In 2015, the school has been accepted as a member of the "National Advanced Education Group", the highest national accolade for a public school.

In 2015, the school established an international department. Students in the international department can have two diplomas after graduation, one from Qingdao No.58 School and the other one from QiLu Sino-Canadian International school. Over the years, many students from the international department have been admitted into numerous great universities around the world.

== History ==
The school was founded in 1952, as Qingdao No. 5 High School. In 1969, it was renamed to Laoshan No. 1 High School. In 1994, it was renamed to Qingdao No. 58 High School. Now, it is a standardized school in Shandong province, and one of the Informatization Pilot Schools in China.
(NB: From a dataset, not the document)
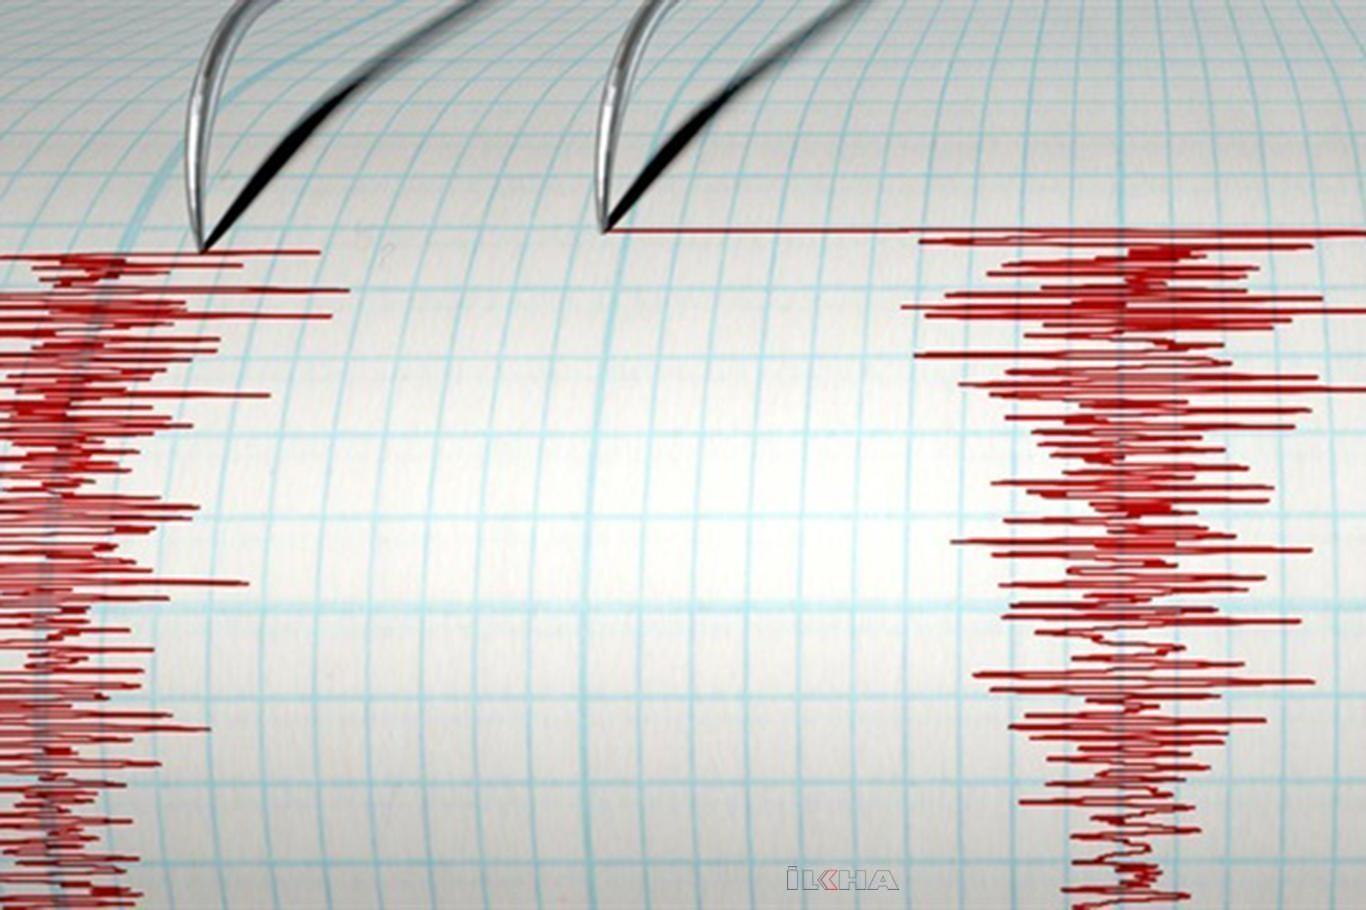  Antalya'da 4,3 büyüklüğünde deprem

== International Cooperation ==
- With Darien High School in Connecticut, USA Students can visit the Darien High School for two weeks in the fall and a DHS delegation of students travel back to China in the spring through the school's student exchange program. In June 2007, HSBC Bank, which was about to open a branch in town, donated $12,000 to the program.
- With Willstätter High School in Bavaria, Germany Since 2001, Qingdao No. 58 High School has been in contact with Willstätter High School and built a strong relationship with it.

== Established-60-year anniversary ==

On October 6, 2012, Qingdao No. 58 School held a celebration due to its Established-60-year anniversary. The celebration is doomed to be involved in the history of Qingdao No. 58 School and be engraved on every students' and teachers' heart.